Mr. Bonnet said the financial dependency of the French press had instilled a culture of caution, creating a journalistic void. First, that was filled by alternative publications like the satirical weekly Le Canard Enchainé, and now, by Web sites like Mediapart.

“The written press in France is in a terrible crisis,” he said. “It doesn’t take risks anymore in terms of journalism.”

Other news-focused Web sites have also sought to step into the void. In 2007, Pierre Haski, a former deputy editor of the newspaper Libération, set up the site Rue89 with other former journalists from that paper. Bakchich, meanwhile, was started in 2006 by a former reporter at Le Canard Enchainé.

These sites frequently scoop newspapers, television and other news media in France, similar to counterparts in the United States like Talking Points Memo. That distinguishes France from other European countries, where the mainstream media still break most of the big news stories. When a scandal over parliamentarians’ expenses rocked Britain last year, for instance, the reports appeared in a newspaper, The Daily Telegraph.

“It’s a sign of the weakness of the traditional media in France,” Mr. Haski said. “If you look around Europe, there’s no other country where sites like ours have emerged.”

Rue89 already attracts about 1.5 million visitors a month, about one-third as many as the Web site of Le Monde. Generating revenue from advertising and services like Web site design — access to Rue89 is free for readers — the site expects to be profitable by next year, Mr. Haski said.

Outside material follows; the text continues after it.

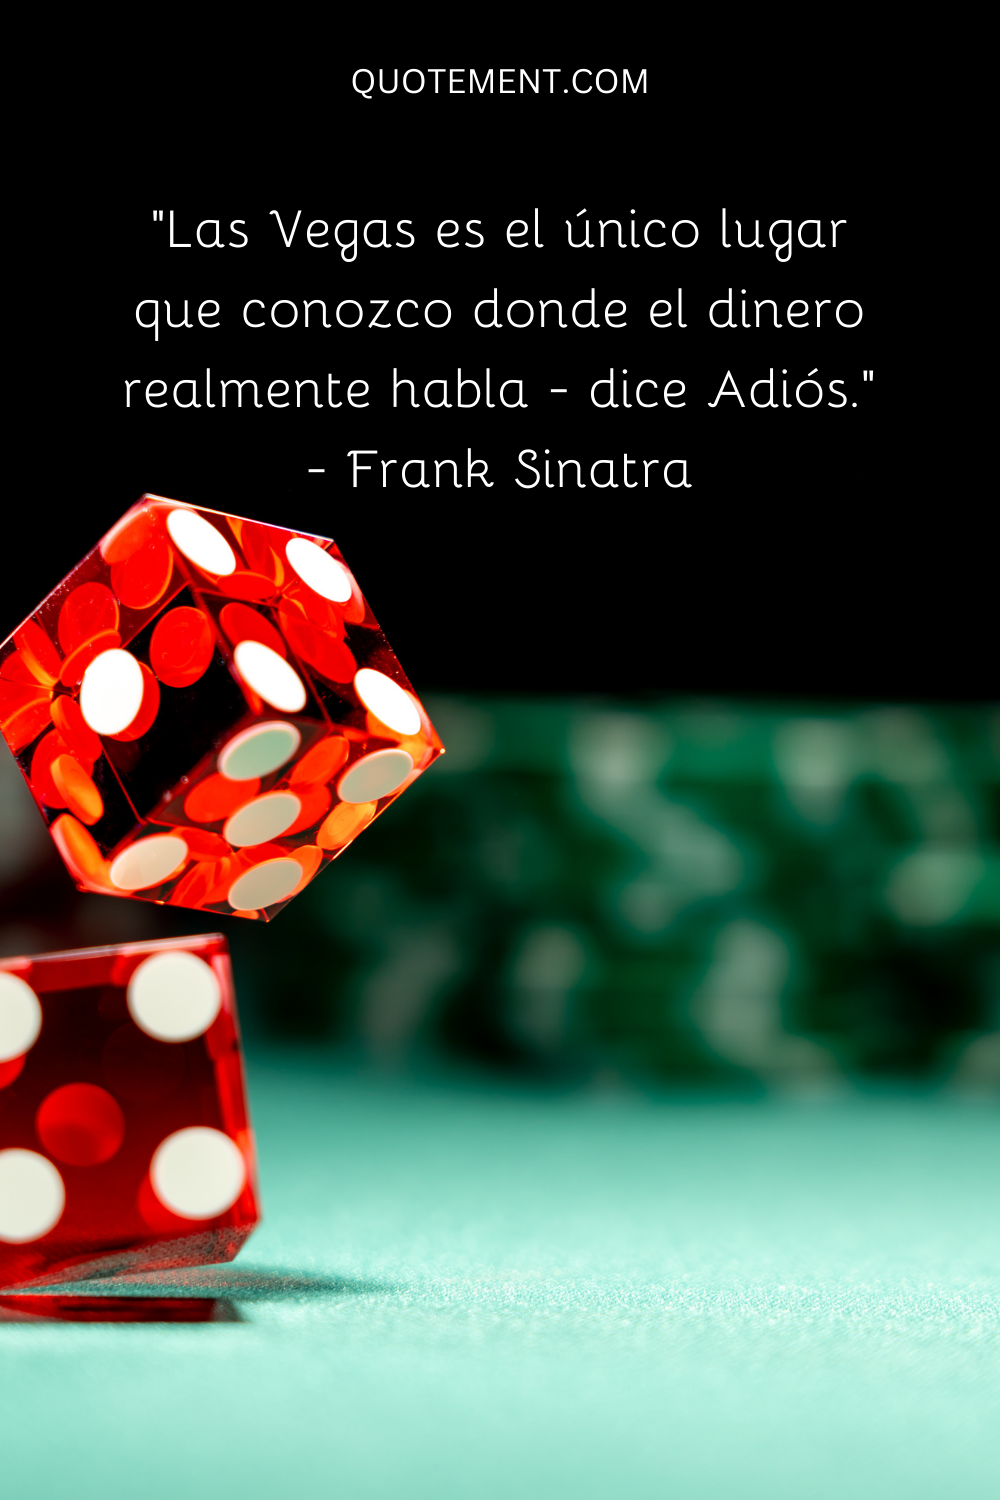 "Las Vegas es el único lugar que conozco donde el dinero habla de verdad: dice adiós". - Frank Sinatra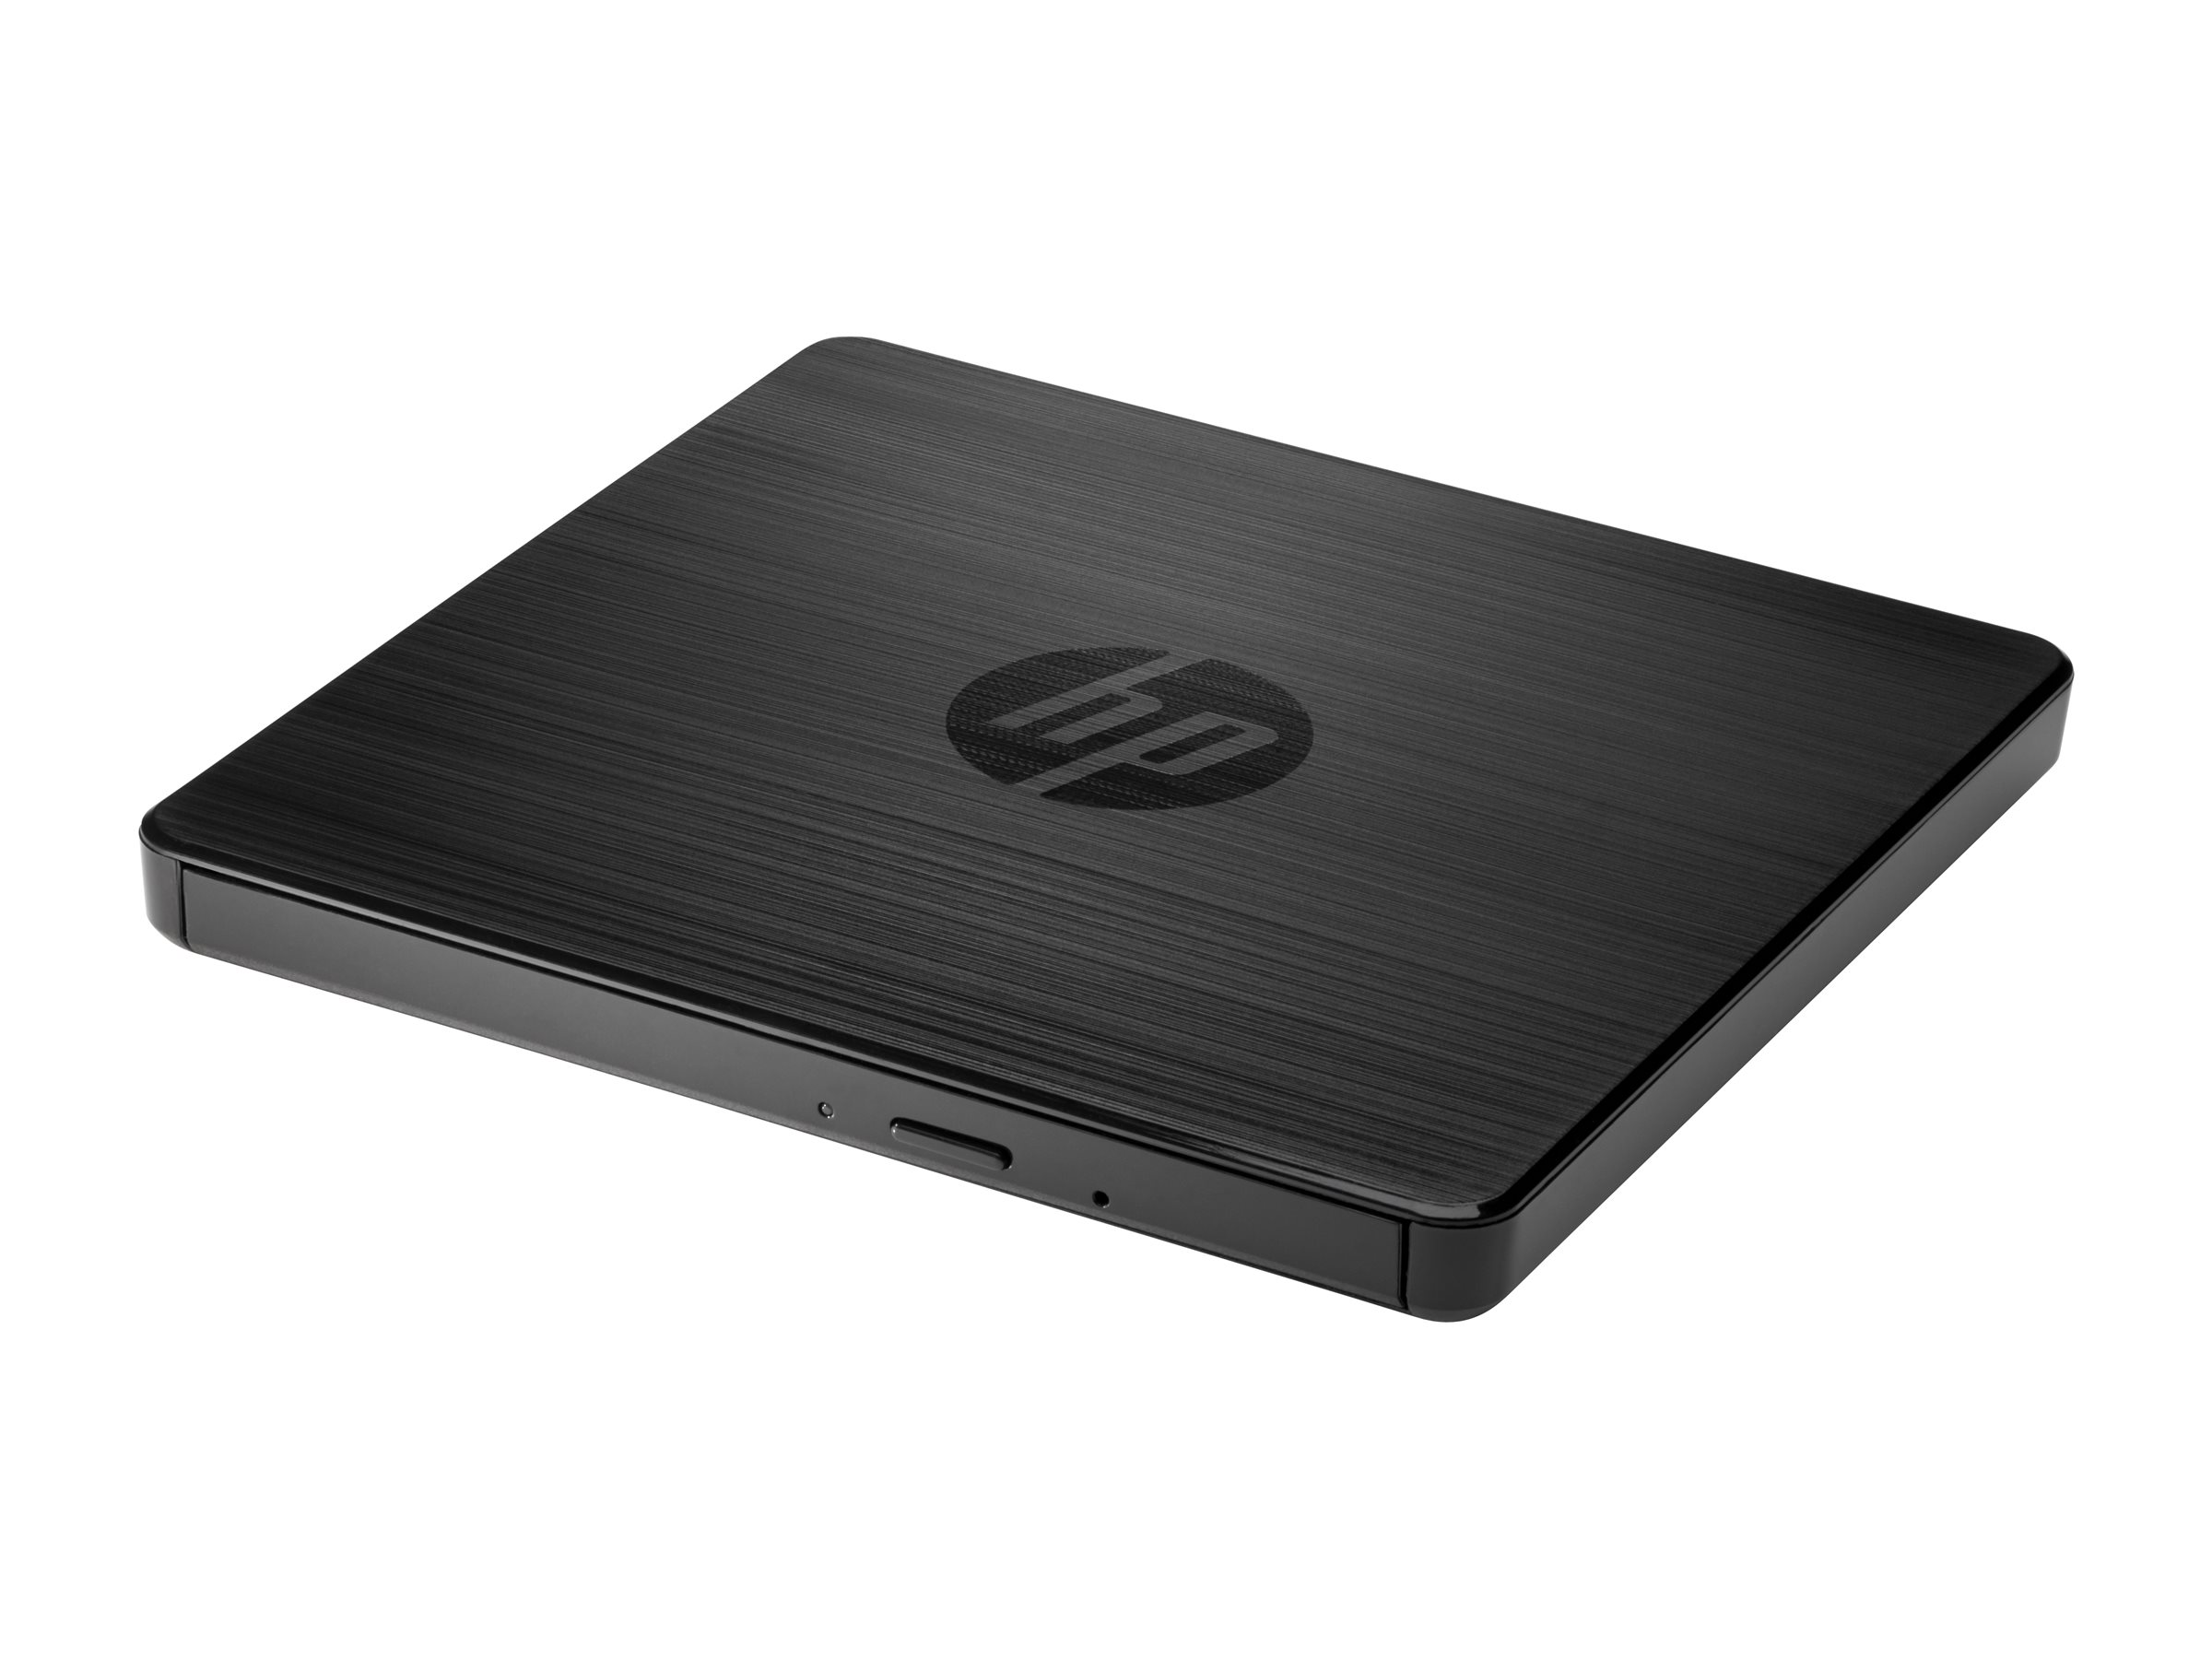 HP - Lecteur de disque - DVD±RW - USB 2.0 - externe - pour Pavilion 24, 27, 510, 590, 595, TP01 - F6V97AA#ABB - Lecteurs DVD

Mediapart says it is on the road to profitability in 2012, even though it accepts no advertising, making subscriptions its only revenue source. Most subscribers pay 9 euros a month for access.

While Rue89 has also claimed a number of scoops, Mediapart has gained particular attention for its investigative reporting. Among its 25 journalists are a number of prominent reporters who were hired away from Le Monde and other newspapers.

“We don’t have a strong tradition of investigative journalism in France,” said Thierry Dussard, a journalism teacher at the Sciences Po university in Paris. “We don’t have this in our blood. The most outspoken journalists find in these sites a way to express their outrage, their views, as well as their ideal of sound journalism.”

Critics of Mediapart say that with its reporting of the Bettencourt affair, the site has crossed a line into partisan muckraking.

Mr. Plenel has long been a polarizing figure in French journalism circles. He resigned as editor of Le Monde in 2004 after a book about the newspaper, “La Face Cachée du Monde” (“The Hidden Side of Le Monde”), accused it of arrogance and political bias under his watch.

Mr. Bonnet denied accusations that Mediapart was out to get Mr. Sarkozy.

“We often get called an anti-Sarkozy site,” he said. “I dispute that. What we are aiming to do is quality, independent journalism.”

But he added that the site’s journalists were concerned by what they saw as “anti-democratic” aspects of Mr. Sarkozy’s administration.

“We are a country where the checks and balances are constantly being weakened by this presidency,” he said.

Mr. Bertrand, the leader of Mr. Sarkozy’s party, again criticized the site Thursday for publishing recordings of conversations between Ms. Bettencourt and her financial advisers, which have given rise to many of the Web site’s reports of potential corruption and conflicts of interest.

“There have been very severe blunders made in the media,” Mr. Bertrand told French radio.

But Mediapart held its ground, saying it had sued Mr. Bertrand for defamation.

“There are a certain number of politicians who have lost their sangfroid,” Mr. Bonnet said.